[Stored items]

#####

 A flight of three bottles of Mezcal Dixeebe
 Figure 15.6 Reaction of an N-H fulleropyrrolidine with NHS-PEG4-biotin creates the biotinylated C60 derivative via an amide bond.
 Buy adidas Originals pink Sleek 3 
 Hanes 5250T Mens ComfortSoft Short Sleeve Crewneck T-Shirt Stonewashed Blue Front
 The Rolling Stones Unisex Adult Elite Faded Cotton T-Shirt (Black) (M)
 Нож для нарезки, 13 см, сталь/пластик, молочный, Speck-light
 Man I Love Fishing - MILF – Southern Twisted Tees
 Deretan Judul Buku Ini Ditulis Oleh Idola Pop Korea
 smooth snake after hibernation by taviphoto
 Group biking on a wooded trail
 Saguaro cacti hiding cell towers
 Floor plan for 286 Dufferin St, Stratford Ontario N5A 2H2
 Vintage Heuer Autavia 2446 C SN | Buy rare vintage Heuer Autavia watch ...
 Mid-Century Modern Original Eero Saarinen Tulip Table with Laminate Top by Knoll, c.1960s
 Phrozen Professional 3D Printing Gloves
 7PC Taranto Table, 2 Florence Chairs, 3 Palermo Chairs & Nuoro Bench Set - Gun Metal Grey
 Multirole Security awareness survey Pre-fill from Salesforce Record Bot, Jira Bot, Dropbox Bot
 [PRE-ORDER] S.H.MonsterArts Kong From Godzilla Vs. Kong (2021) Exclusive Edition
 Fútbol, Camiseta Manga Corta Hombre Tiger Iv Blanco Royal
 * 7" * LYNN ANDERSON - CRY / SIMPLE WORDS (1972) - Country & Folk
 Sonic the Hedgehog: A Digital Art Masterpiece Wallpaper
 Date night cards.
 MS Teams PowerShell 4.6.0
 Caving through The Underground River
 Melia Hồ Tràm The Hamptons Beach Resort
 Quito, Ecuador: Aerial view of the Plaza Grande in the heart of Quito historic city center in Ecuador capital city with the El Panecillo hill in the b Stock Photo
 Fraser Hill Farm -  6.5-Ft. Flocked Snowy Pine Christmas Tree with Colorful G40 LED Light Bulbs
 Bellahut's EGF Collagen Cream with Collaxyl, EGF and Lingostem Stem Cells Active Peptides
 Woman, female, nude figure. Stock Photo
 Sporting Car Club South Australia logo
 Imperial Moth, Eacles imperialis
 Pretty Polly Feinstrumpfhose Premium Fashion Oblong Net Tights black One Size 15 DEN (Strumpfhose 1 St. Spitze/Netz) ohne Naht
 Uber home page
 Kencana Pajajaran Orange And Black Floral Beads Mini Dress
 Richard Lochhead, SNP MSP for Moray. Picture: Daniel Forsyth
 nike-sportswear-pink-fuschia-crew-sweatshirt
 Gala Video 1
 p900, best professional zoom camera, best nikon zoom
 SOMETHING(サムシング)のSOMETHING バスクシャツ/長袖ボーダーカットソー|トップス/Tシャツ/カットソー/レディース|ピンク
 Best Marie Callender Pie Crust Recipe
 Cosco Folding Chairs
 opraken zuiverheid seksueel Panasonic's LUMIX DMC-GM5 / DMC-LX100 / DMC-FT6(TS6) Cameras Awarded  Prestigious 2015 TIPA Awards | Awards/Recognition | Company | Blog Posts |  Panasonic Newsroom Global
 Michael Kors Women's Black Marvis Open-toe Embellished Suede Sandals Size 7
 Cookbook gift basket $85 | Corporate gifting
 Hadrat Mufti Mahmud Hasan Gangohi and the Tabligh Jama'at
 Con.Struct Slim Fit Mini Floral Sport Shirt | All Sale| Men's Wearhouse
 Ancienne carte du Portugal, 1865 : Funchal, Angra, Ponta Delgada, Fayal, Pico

#####

Among the records above, which lines hold the word "Mini"? Copy each one.

Written solution ->
 Kencana Pajajaran Orange And Black Floral Beads Mini Dress
 Con.Struct Slim Fit Mini Floral Sport Shirt | All Sale| Men's Wearhouse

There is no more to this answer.